**HOW TO COMPLETE THIS TASK:**
Without skipping or changing anything, print all the entries.

--*--

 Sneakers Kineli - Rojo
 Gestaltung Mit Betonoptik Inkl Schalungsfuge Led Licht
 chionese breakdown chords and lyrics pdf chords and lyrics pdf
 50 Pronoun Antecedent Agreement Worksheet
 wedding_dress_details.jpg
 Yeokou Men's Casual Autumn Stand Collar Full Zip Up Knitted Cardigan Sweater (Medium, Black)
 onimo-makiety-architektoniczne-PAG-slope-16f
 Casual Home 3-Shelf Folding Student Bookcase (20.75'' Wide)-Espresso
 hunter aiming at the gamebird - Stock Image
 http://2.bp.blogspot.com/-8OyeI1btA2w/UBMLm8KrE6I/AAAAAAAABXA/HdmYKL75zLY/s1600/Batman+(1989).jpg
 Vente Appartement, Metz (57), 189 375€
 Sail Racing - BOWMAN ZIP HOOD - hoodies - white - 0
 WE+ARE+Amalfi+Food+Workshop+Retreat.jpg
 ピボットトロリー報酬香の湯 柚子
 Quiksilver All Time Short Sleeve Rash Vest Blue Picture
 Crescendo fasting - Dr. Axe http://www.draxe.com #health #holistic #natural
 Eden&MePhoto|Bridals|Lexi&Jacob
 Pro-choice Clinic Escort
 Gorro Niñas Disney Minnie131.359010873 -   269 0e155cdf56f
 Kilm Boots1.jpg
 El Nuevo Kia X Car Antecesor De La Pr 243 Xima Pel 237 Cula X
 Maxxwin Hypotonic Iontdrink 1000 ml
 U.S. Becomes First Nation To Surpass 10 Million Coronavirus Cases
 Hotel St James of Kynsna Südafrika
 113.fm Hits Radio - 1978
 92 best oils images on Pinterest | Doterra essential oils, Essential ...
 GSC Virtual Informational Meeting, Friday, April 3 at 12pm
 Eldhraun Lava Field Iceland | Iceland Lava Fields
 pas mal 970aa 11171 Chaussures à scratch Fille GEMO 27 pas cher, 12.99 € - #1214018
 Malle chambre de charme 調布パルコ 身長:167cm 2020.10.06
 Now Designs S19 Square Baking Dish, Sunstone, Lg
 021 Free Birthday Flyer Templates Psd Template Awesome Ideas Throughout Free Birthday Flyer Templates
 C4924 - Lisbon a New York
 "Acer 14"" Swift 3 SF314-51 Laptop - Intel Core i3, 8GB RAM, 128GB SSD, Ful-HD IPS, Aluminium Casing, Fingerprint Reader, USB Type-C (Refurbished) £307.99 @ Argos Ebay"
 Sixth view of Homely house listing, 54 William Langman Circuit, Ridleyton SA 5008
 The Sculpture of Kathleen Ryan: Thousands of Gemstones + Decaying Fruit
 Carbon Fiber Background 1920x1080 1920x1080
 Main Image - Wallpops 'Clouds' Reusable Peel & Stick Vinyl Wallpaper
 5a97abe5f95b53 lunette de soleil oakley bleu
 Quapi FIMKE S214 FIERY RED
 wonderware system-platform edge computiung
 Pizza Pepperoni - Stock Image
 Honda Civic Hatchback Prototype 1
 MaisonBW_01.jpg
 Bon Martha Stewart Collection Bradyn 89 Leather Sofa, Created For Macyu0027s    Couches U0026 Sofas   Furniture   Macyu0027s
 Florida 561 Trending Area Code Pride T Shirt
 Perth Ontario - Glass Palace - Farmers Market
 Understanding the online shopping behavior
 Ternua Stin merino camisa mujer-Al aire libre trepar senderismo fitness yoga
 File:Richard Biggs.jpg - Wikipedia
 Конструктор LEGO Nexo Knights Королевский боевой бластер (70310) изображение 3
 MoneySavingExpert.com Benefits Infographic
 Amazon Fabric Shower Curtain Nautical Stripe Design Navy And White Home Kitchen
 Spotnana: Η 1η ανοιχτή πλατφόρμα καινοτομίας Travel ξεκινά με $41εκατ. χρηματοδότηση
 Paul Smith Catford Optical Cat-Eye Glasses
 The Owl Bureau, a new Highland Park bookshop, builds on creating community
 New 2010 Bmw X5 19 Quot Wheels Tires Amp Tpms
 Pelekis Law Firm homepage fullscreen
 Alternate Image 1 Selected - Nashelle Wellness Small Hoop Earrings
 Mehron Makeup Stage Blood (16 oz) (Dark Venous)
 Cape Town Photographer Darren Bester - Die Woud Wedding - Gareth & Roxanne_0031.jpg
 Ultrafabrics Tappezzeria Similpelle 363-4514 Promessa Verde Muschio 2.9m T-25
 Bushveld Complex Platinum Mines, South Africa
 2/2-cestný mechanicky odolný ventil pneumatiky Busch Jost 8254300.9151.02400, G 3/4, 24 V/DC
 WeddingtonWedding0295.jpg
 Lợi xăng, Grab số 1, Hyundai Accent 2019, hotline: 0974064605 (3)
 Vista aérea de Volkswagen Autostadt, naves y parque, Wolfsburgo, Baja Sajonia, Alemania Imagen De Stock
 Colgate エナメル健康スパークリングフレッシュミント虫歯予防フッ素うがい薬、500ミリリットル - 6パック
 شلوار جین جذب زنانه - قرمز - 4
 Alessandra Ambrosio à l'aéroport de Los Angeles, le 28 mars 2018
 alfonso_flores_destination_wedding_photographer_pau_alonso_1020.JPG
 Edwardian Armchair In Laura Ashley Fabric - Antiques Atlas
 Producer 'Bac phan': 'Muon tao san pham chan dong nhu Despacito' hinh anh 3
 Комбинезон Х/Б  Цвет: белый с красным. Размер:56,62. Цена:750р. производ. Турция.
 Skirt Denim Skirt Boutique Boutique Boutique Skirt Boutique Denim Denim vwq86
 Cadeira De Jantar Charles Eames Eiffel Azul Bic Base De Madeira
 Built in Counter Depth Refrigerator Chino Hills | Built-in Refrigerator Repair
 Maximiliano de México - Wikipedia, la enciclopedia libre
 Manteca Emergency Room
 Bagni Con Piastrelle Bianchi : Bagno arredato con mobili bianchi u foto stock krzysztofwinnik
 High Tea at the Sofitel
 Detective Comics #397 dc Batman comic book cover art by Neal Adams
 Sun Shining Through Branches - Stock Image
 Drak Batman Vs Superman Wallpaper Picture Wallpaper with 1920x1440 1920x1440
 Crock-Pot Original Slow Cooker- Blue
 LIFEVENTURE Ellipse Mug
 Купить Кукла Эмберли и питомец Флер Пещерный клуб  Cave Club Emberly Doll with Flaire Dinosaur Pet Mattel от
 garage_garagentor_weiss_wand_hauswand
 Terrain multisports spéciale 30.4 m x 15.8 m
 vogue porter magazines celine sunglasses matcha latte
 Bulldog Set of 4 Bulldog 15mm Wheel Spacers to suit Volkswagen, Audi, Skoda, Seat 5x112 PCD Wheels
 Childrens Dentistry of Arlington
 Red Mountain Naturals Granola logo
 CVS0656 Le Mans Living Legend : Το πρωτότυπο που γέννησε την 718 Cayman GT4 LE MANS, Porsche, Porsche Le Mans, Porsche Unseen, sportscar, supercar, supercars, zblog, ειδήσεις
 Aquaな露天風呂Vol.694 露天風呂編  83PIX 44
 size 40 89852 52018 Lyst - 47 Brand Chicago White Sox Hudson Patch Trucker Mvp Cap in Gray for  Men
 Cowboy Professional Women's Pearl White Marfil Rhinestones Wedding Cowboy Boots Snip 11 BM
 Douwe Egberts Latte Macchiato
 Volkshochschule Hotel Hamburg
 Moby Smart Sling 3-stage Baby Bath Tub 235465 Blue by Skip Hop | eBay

--*--

**RESULT OF THE TASK:**
 Sneakers Kineli - Rojo
 Gestaltung Mit Betonoptik Inkl Schalungsfuge Led Licht
 chionese breakdown chords and lyrics pdf chords and lyrics pdf
 50 Pronoun Antecedent Agreement Worksheet
 wedding_dress_details.jpg
 Yeokou Men's Casual Autumn Stand Collar Full Zip Up Knitted Cardigan Sweater (Medium, Black)
 onimo-makiety-architektoniczne-PAG-slope-16f
 Casual Home 3-Shelf Folding Student Bookcase (20.75'' Wide)-Espresso
 hunter aiming at the gamebird - Stock Image
 http://2.bp.blogspot.com/-8OyeI1btA2w/UBMLm8KrE6I/AAAAAAAABXA/HdmYKL75zLY/s1600/Batman+(1989).jpg
 Vente Appartement, Metz (57), 189 375€
 Sail Racing - BOWMAN ZIP HOOD - hoodies - white - 0
 WE+ARE+Amalfi+Food+Workshop+Retreat.jpg
 ピボットトロリー報酬香の湯 柚子
 Quiksilver All Time Short Sleeve Rash Vest Blue Picture
 Crescendo fasting - Dr. Axe http://www.draxe.com #health #holistic #natural
 Eden&MePhoto|Bridals|Lexi&Jacob
 Pro-choice Clinic Escort
 Gorro Niñas Disney Minnie131.359010873 -   269 0e155cdf56f
 Kilm Boots1.jpg
 El Nuevo Kia X Car Antecesor De La Pr 243 Xima Pel 237 Cula X
 Maxxwin Hypotonic Iontdrink 1000 ml
 U.S. Becomes First Nation To Surpass 10 Million Coronavirus Cases
 Hotel St James of Kynsna Südafrika
 113.fm Hits Radio - 1978
 92 best oils images on Pinterest | Doterra essential oils, Essential ...
 GSC Virtual Informational Meeting, Friday, April 3 at 12pm
 Eldhraun Lava Field Iceland | Iceland Lava Fields
 pas mal 970aa 11171 Chaussures à scratch Fille GEMO 27 pas cher, 12.99 € - #1214018
 Malle chambre de charme 調布パルコ 身長:167cm 2020.10.06
 Now Designs S19 Square Baking Dish, Sunstone, Lg
 021 Free Birthday Flyer Templates Psd Template Awesome Ideas Throughout Free Birthday Flyer Templates
 C4924 - Lisbon a New York
 "Acer 14"" Swift 3 SF314-51 Laptop - Intel Core i3, 8GB RAM, 128GB SSD, Ful-HD IPS, Aluminium Casing, Fingerprint Reader, USB Type-C (Refurbished) £307.99 @ Argos Ebay"
 Sixth view of Homely house listing, 54 William Langman Circuit, Ridleyton SA 5008
 The Sculpture of Kathleen Ryan: Thousands of Gemstones + Decaying Fruit
 Carbon Fiber Background 1920x1080 1920x1080
 Main Image - Wallpops 'Clouds' Reusable Peel & Stick Vinyl Wallpaper
 5a97abe5f95b53 lunette de soleil oakley bleu
 Quapi FIMKE S214 FIERY RED
 wonderware system-platform edge computiung
 Pizza Pepperoni - Stock Image
 Honda Civic Hatchback Prototype 1
 MaisonBW_01.jpg
 Bon Martha Stewart Collection Bradyn 89 Leather Sofa, Created For Macyu0027s    Couches U0026 Sofas   Furniture   Macyu0027s
 Florida 561 Trending Area Code Pride T Shirt
 Perth Ontario - Glass Palace - Farmers Market
 Understanding the online shopping behavior
 Ternua Stin merino camisa mujer-Al aire libre trepar senderismo fitness yoga
 File:Richard Biggs.jpg - Wikipedia
 Конструктор LEGO Nexo Knights Королевский боевой бластер (70310) изображение 3
 MoneySavingExpert.com Benefits Infographic
 Amazon Fabric Shower Curtain Nautical Stripe Design Navy And White Home Kitchen
 Spotnana: Η 1η ανοιχτή πλατφόρμα καινοτομίας Travel ξεκινά με $41εκατ. χρηματοδότηση
 Paul Smith Catford Optical Cat-Eye Glasses
 The Owl Bureau, a new Highland Park bookshop, builds on creating community
 New 2010 Bmw X5 19 Quot Wheels Tires Amp Tpms
 Pelekis Law Firm homepage fullscreen
 Alternate Image 1 Selected - Nashelle Wellness Small Hoop Earrings
 Mehron Makeup Stage Blood (16 oz) (Dark Venous)
 Cape Town Photographer Darren Bester - Die Woud Wedding - Gareth & Roxanne_0031.jpg
 Ultrafabrics Tappezzeria Similpelle 363-4514 Promessa Verde Muschio 2.9m T-25
 Bushveld Complex Platinum Mines, South Africa
 2/2-cestný mechanicky odolný ventil pneumatiky Busch Jost 8254300.9151.02400, G 3/4, 24 V/DC
 WeddingtonWedding0295.jpg
 Lợi xăng, Grab số 1, Hyundai Accent 2019, hotline: 0974064605 (3)
 Vista aérea de Volkswagen Autostadt, naves y parque, Wolfsburgo, Baja Sajonia, Alemania Imagen De Stock
 Colgate エナメル健康スパークリングフレッシュミント虫歯予防フッ素うがい薬、500ミリリットル - 6パック
 شلوار جین جذب زنانه - قرمز - 4
 Alessandra Ambrosio à l'aéroport de Los Angeles, le 28 mars 2018
 alfonso_flores_destination_wedding_photographer_pau_alonso_1020.JPG
 Edwardian Armchair In Laura Ashley Fabric - Antiques Atlas
 Producer 'Bac phan': 'Muon tao san pham chan dong nhu Despacito' hinh anh 3
 Комбинезон Х/Б  Цвет: белый с красным. Размер:56,62. Цена:750р. производ. Турция.
 Skirt Denim Skirt Boutique Boutique Boutique Skirt Boutique Denim Denim vwq86
 Cadeira De Jantar Charles Eames Eiffel Azul Bic Base De Madeira
 Built in Counter Depth Refrigerator Chino Hills | Built-in Refrigerator Repair
 Maximiliano de México - Wikipedia, la enciclopedia libre
 Manteca Emergency Room
 Bagni Con Piastrelle Bianchi : Bagno arredato con mobili bianchi u foto stock krzysztofwinnik
 High Tea at the Sofitel
 Detective Comics #397 dc Batman comic book cover art by Neal Adams
 Sun Shining Through Branches - Stock Image
 Drak Batman Vs Superman Wallpaper Picture Wallpaper with 1920x1440 1920x1440
 Crock-Pot Original Slow Cooker- Blue
 LIFEVENTURE Ellipse Mug
 Купить Кукла Эмберли и питомец Флер Пещерный клуб  Cave Club Emberly Doll with Flaire Dinosaur Pet Mattel от
 garage_garagentor_weiss_wand_hauswand
 Terrain multisports spéciale 30.4 m x 15.8 m
 vogue porter magazines celine sunglasses matcha latte
 Bulldog Set of 4 Bulldog 15mm Wheel Spacers to suit Volkswagen, Audi, Skoda, Seat 5x112 PCD Wheels
 Childrens Dentistry of Arlington
 Red Mountain Naturals Granola logo
 CVS0656 Le Mans Living Legend : Το πρωτότυπο που γέννησε την 718 Cayman GT4 LE MANS, Porsche, Porsche Le Mans, Porsche Unseen, sportscar, supercar, supercars, zblog, ειδήσεις
 Aquaな露天風呂Vol.694 露天風呂編  83PIX 44
 size 40 89852 52018 Lyst - 47 Brand Chicago White Sox Hudson Patch Trucker Mvp Cap in Gray for  Men
 Cowboy Professional Women's Pearl White Marfil Rhinestones Wedding Cowboy Boots Snip 11 BM
 Douwe Egberts Latte Macchiato
 Volkshochschule Hotel Hamburg
 Moby Smart Sling 3-stage Baby Bath Tub 235465 Blue by Skip Hop | eBay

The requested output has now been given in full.